(What this task involves)
Repeat everything in the data exactly except images.

(Provided data)
*****

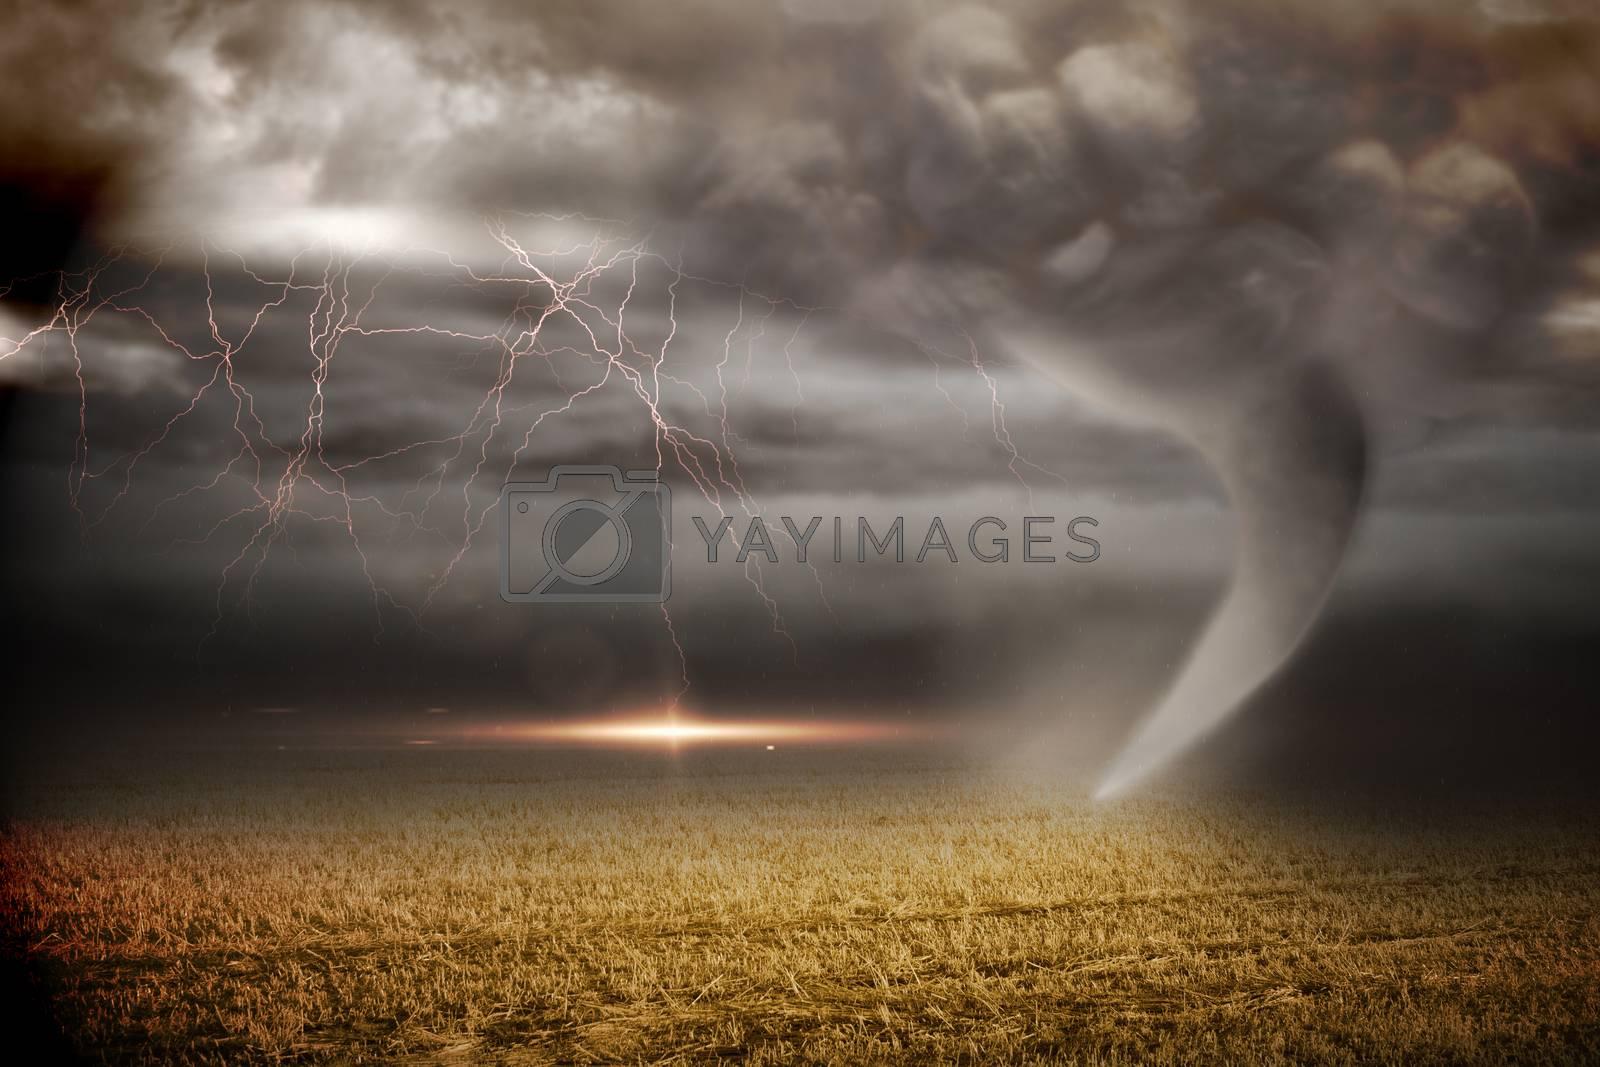 Royalty free image of Stormy sky with tornado over field by Wavebreakmedia
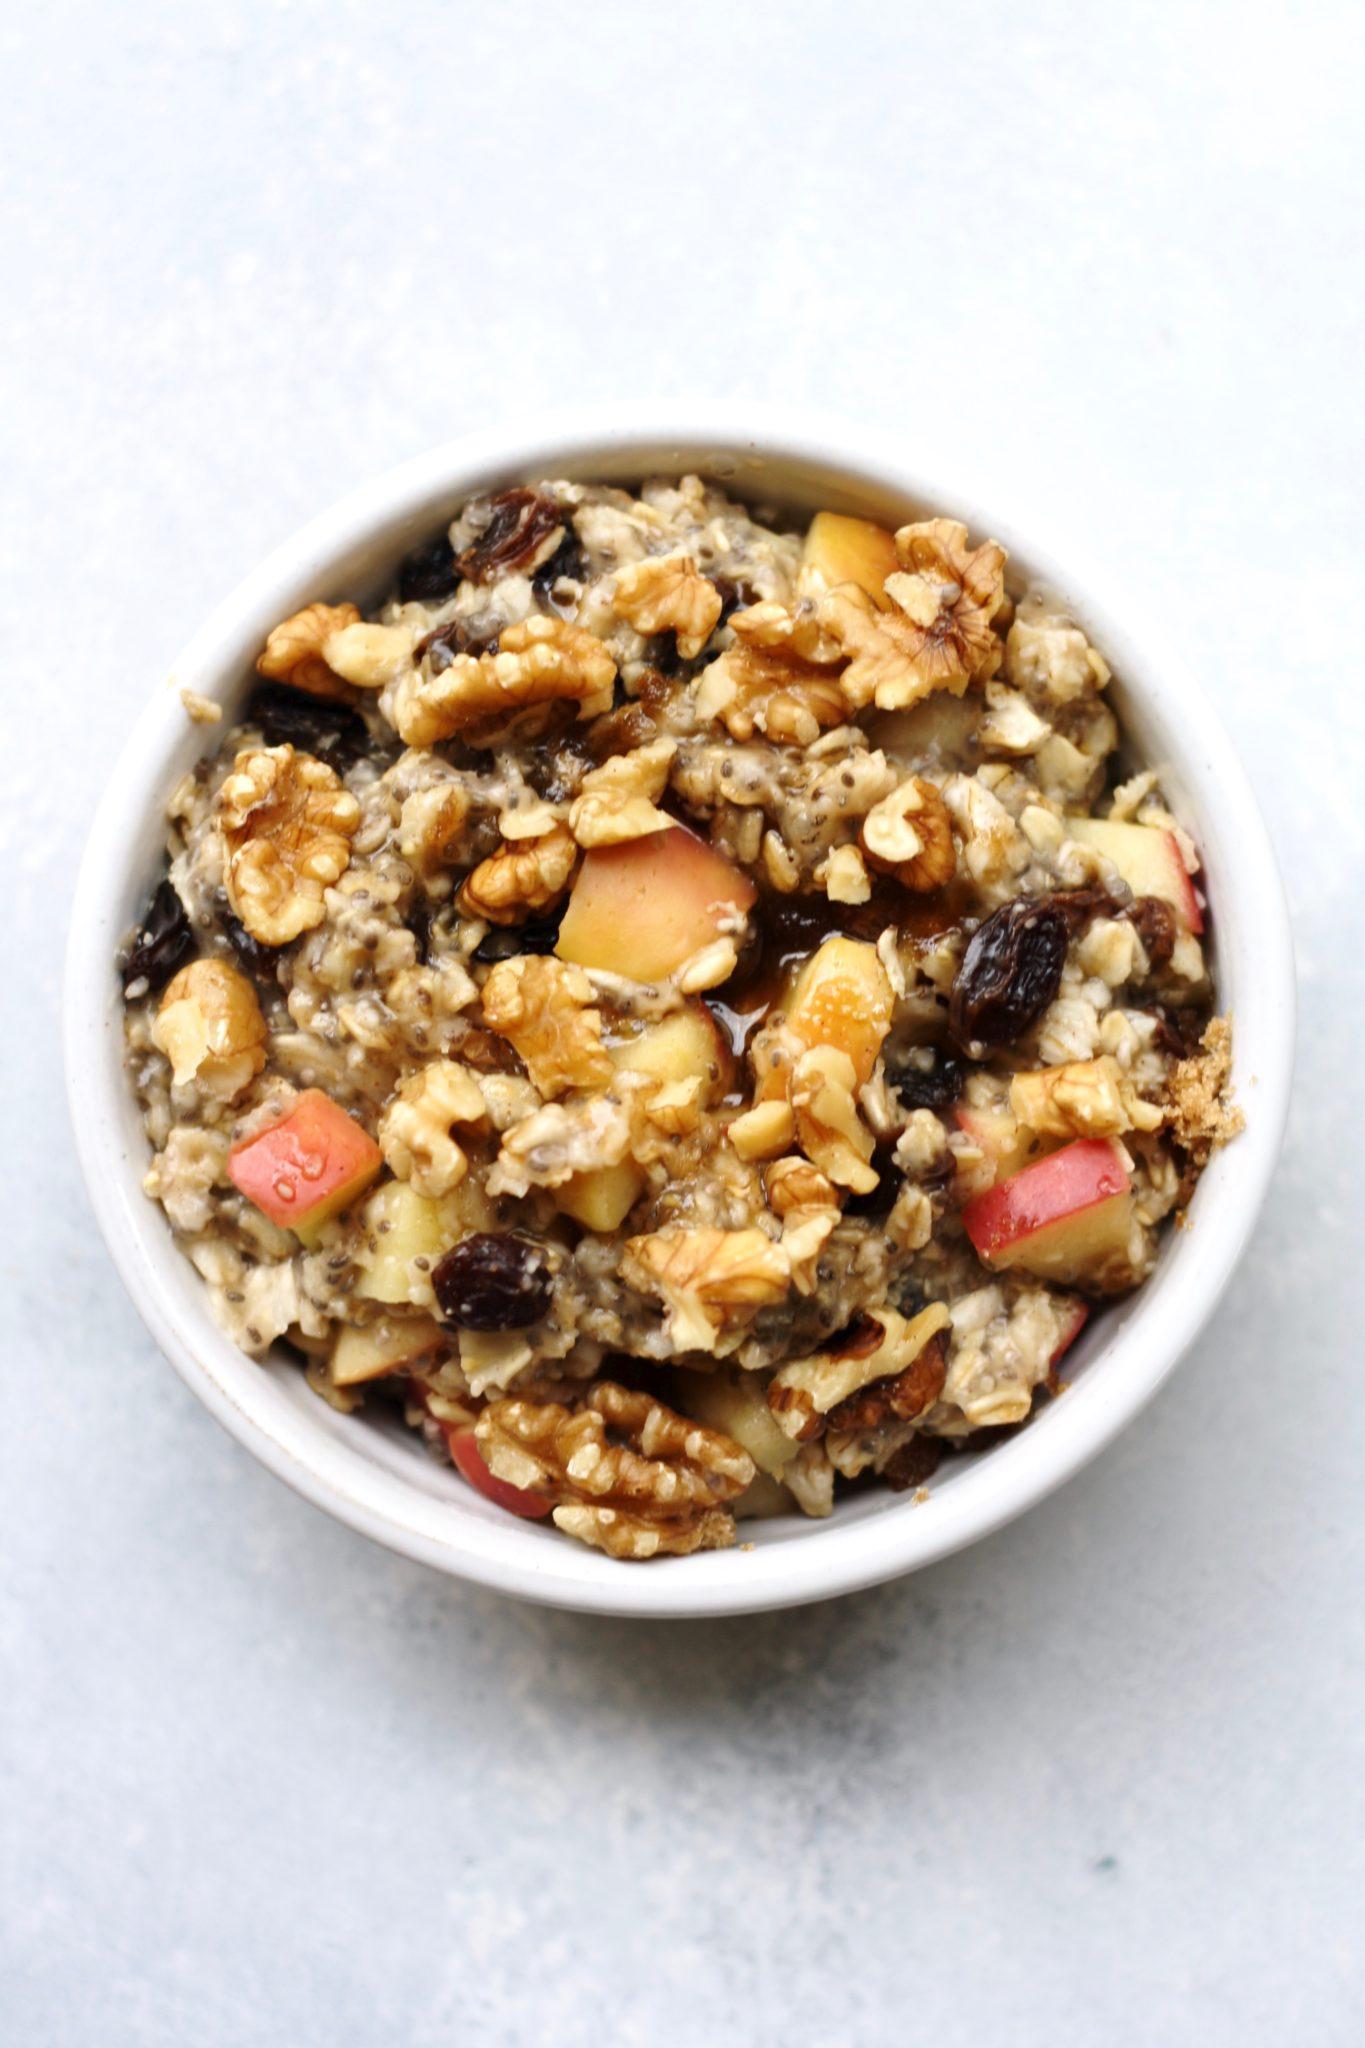 cinnamon raisin apple walnut oatmeal // cait's plate
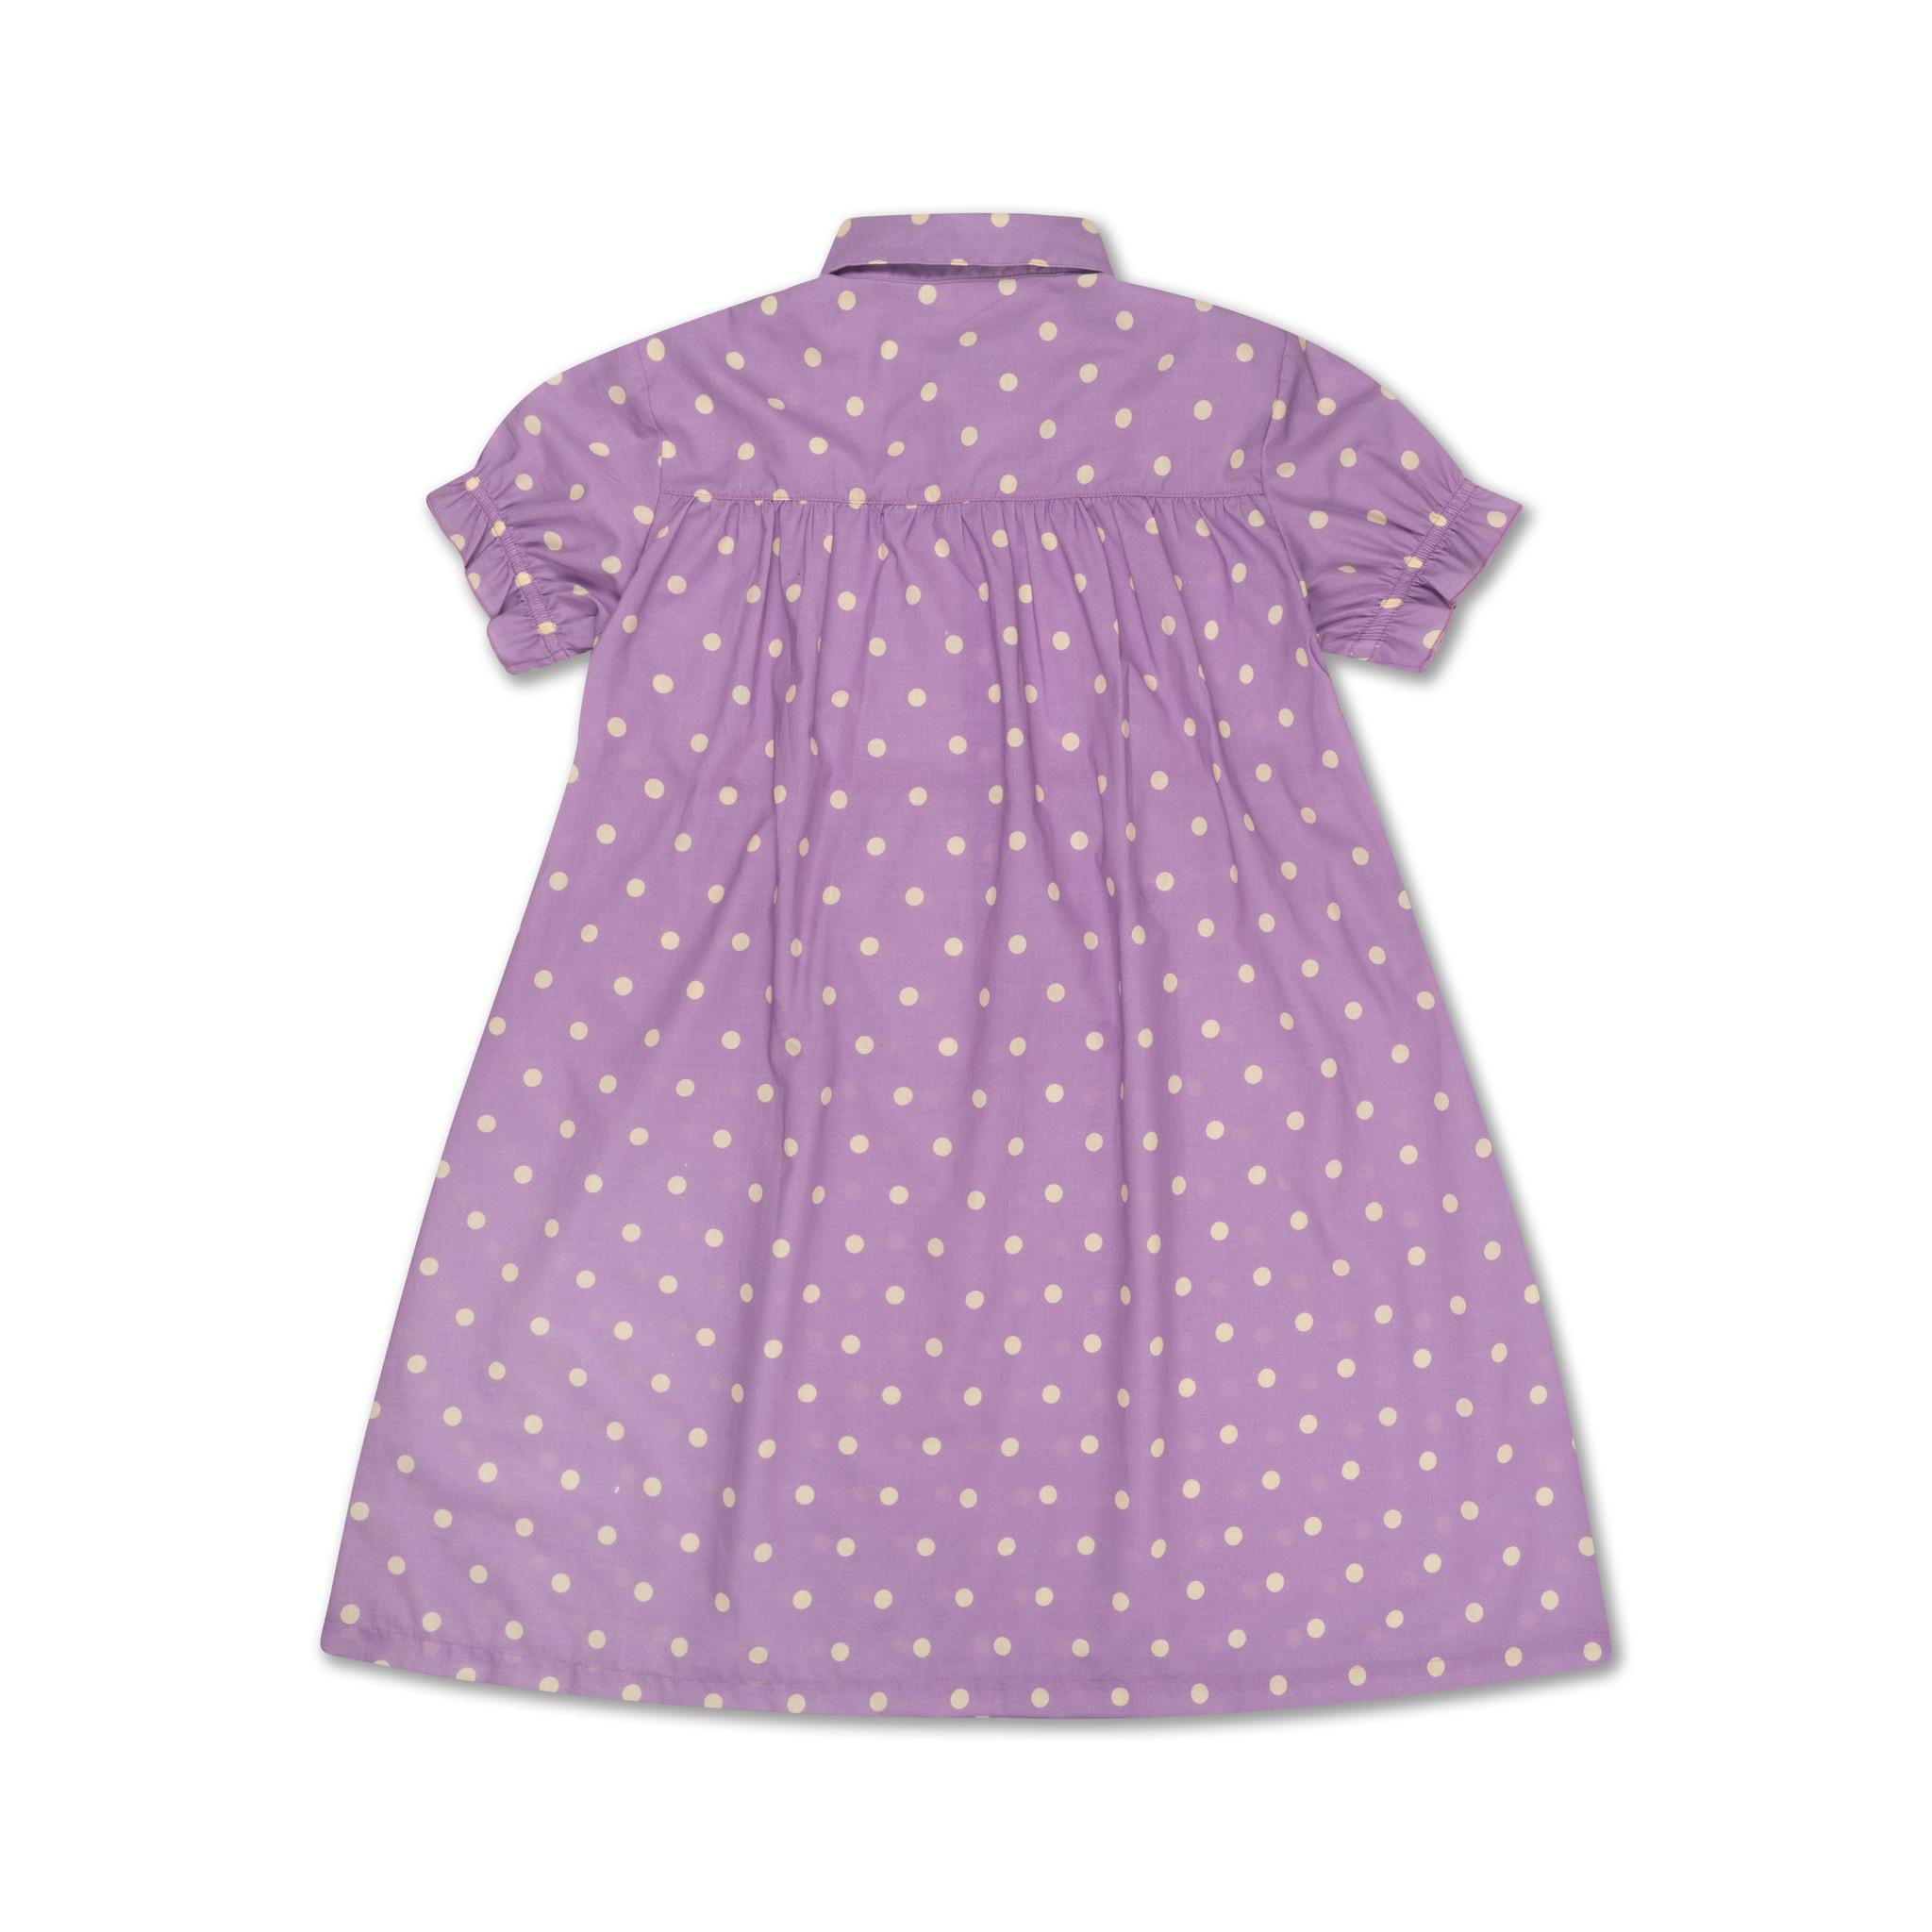 Dreamy dress - Greyish Lavender Polka Dot-3

*****

(Problem solution)
 Royalty free image of Stormy sky with tornado over field by Wavebreakmedia
 cinnamon raisin apple walnut oatmeal // cait's plate
 Dreamy dress - Greyish Lavender Polka Dot-3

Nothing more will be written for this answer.